Une fuite de données touchant 36,8 millions de personnes

Dans un communiqué, la CNIL a condamné France Travail à une amende administrative de 5 millions d’euros pour une fuite massive de données personnelles.

Les faits remontent à mars 2024, lorsqu’un groupe de pirates est parvenu à extraire des informations issues d’une base de données de l’opérateur, alors encore récemment issu de la transformation de Pôle Emploi.

Les données concernées couvrent un périmètre particulièrement large, avec les noms, les prénoms, les numéros de Sécurité sociale, les identifiants France Travail, les adresses e-mail et postales, ainsi que numéros de téléphone.

Si l’incident visait initialement jusqu’à 43 millions de personnes inscrites sur les vingt dernières années, le nombre a finalement été ramené à 36,8 millions après élimination des doublons.

Selon la CNIL, l’ampleur de la population exposée, combinée à la nature sensible des informations concernées, a pesé lourd dans la décision. Même si certaines données comme les dossiers complets ou les informations médicales n’ont pas été compromises, la fuite reste l’une des plus significatives jamais observées dans le secteur public français.

Des failles liées à un partenaire et à l’authentification

L’enquête menée par la CNIL met en cause un enchaînement de faiblesses techniques et organisationnelles.

Les attaquants ont utilisé des techniques d’ingénierie sociale pour usurper les comptes de conseillers de Cap Emploi, structures partenaires chargées de l’accompagnement des personnes en situation de handicap.
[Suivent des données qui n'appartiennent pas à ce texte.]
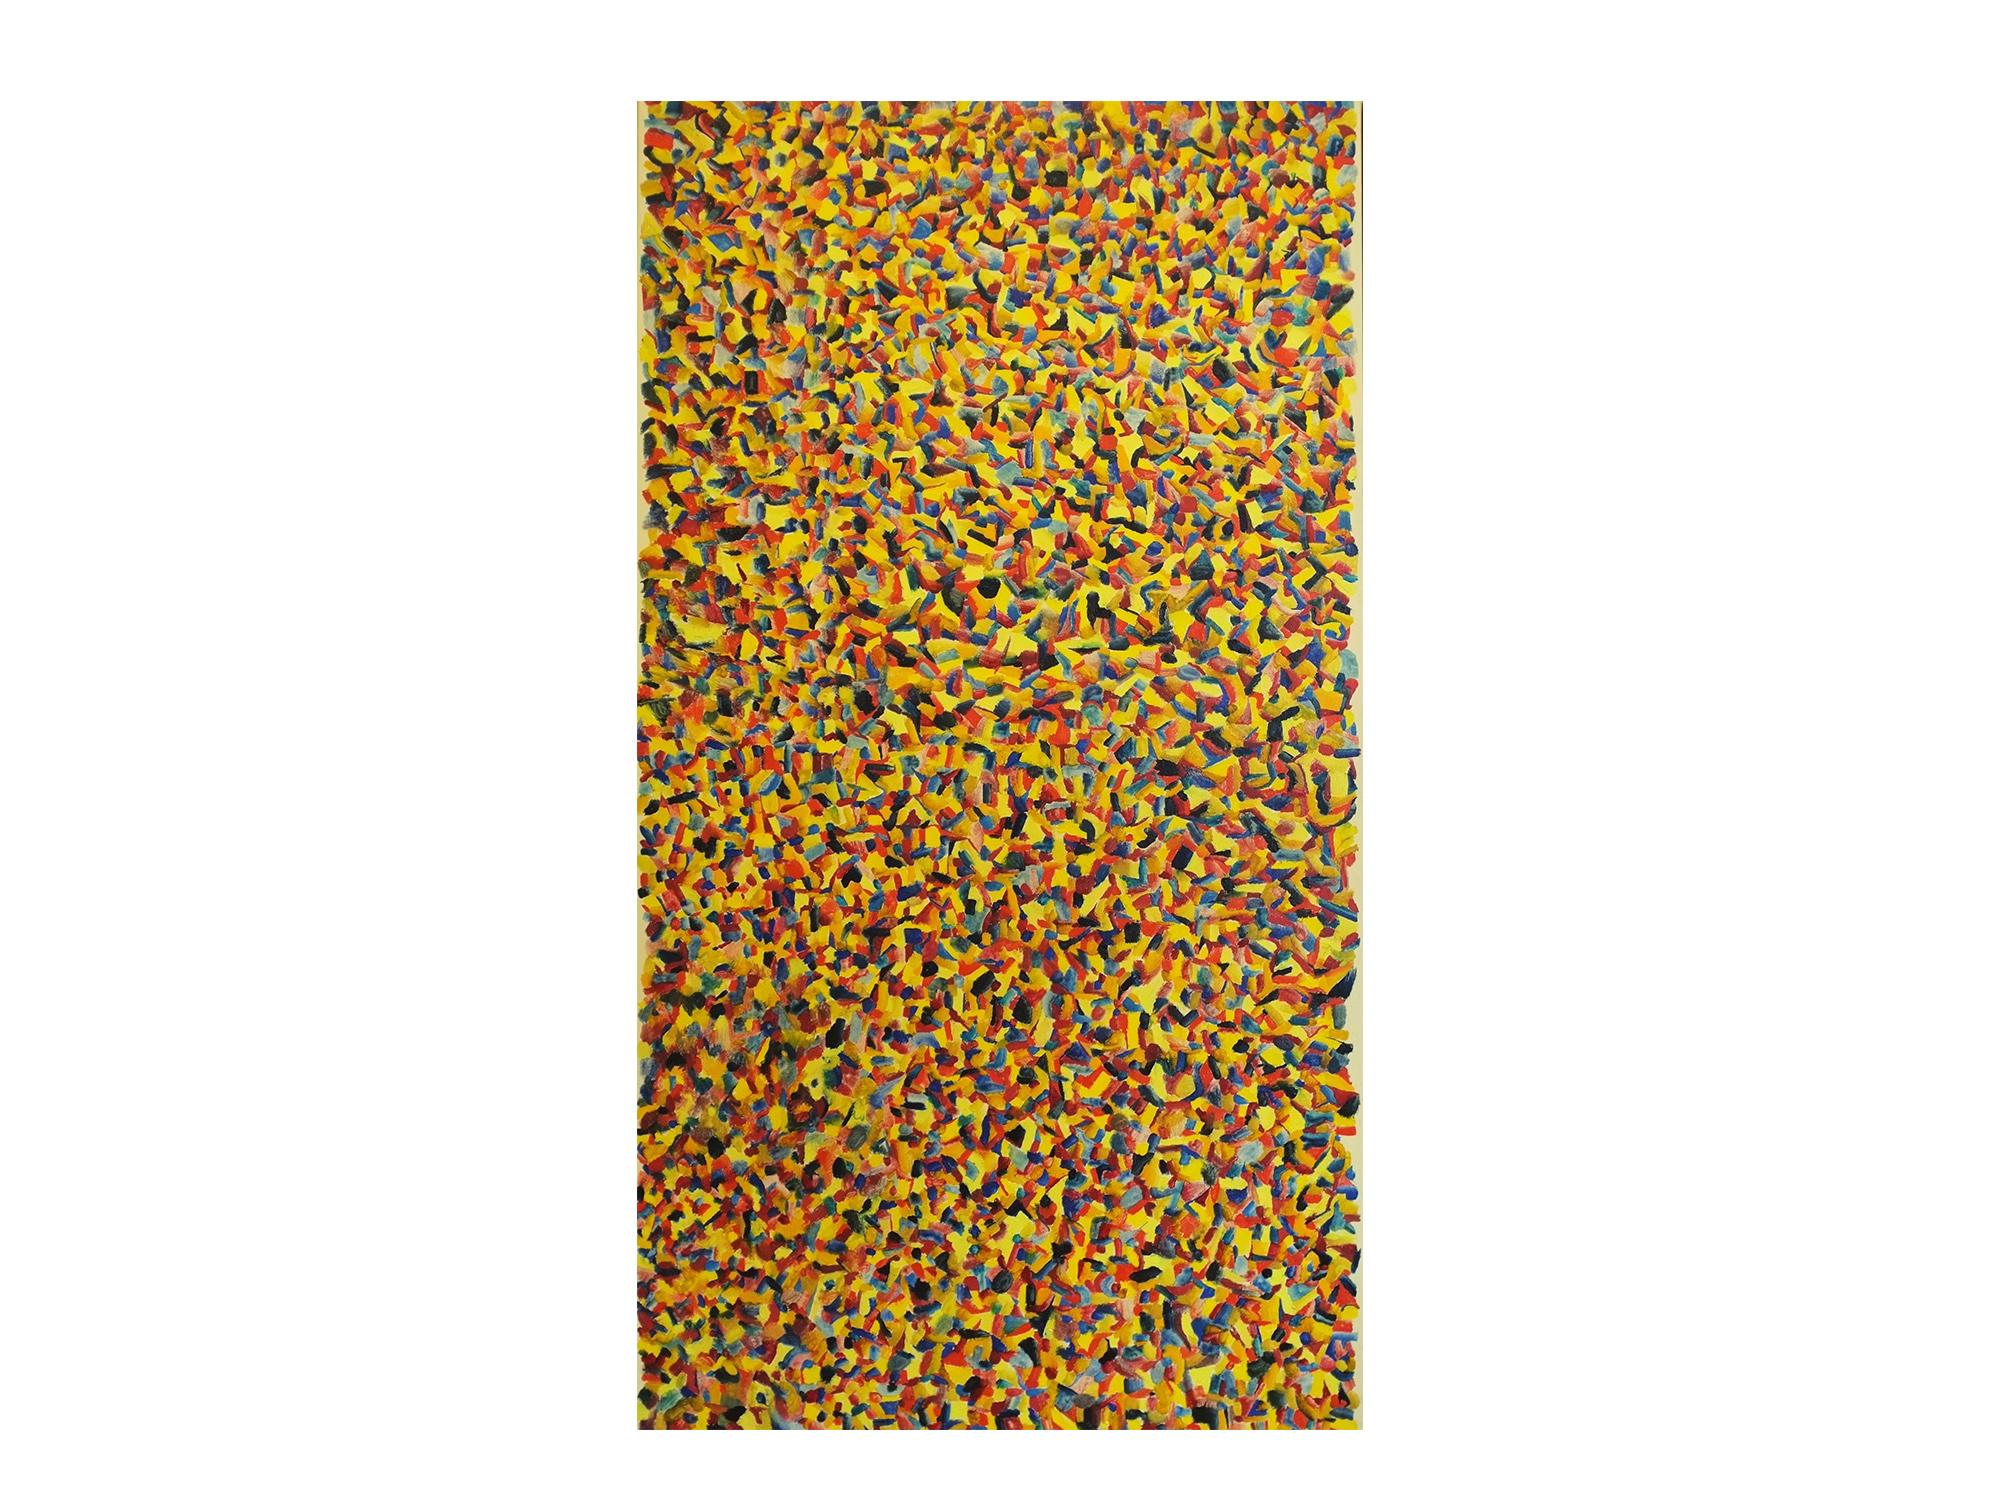 what   Women and trees,  2018 oil on linen 144.5 x 80.2cm   ARTIST BIO

Ces comptes donnaient accès aux systèmes d’information de France Travail dans le cadre d’un partenariat établi entre les deux organismes.

Ainsi, le régulateur souligne que les mécanismes d’authentification n’étaient pas suffisamment robustes, notamment en autorisant jusqu’à 50 tentatives de mots de passe avant le blocage d’un compte. Les habilitations d’accès étaient également jugées trop larges, permettant de consulter des dossiers sans lien direct avec les missions des conseillers concernés. À cela s’ajoute une supervision insuffisante des accès, limitant la détection de comportements anormaux.

A ce titre, la CNIL rappelle que l’article 32 du RGPD impose une obligation de moyens en matière de sécurité, adaptée aux risques identifiés. Dans ce dossier, France Travail avait pourtant formalisé plusieurs mesures de protection dans ses analyses internes, sans les déployer au moment des faits.

Une injonction assortie d’astreintes financières

Au delà de l’amende, la décision s’accompagne d’injonctions précises, et France Travail doit justifier de la mise en conformité de sa politique de mots de passe et renforcer les restrictions d’accès pour les conseillers de Cap Emploi.

En cas de retard, une astreinte de 5 000 euros par jour pourra s’appliquer après un délai d’un mois suivant la notification officielle.

Dans un communiqué de France Travail, l’opérateur public dit reconnaître la gravité des faits, tout en regrettant la sévérité de la sanction, d’autant plus que des mesures correctrices ont été prises comme la généralisation de la double authentification, mise en place avant même la décision de la CNIL.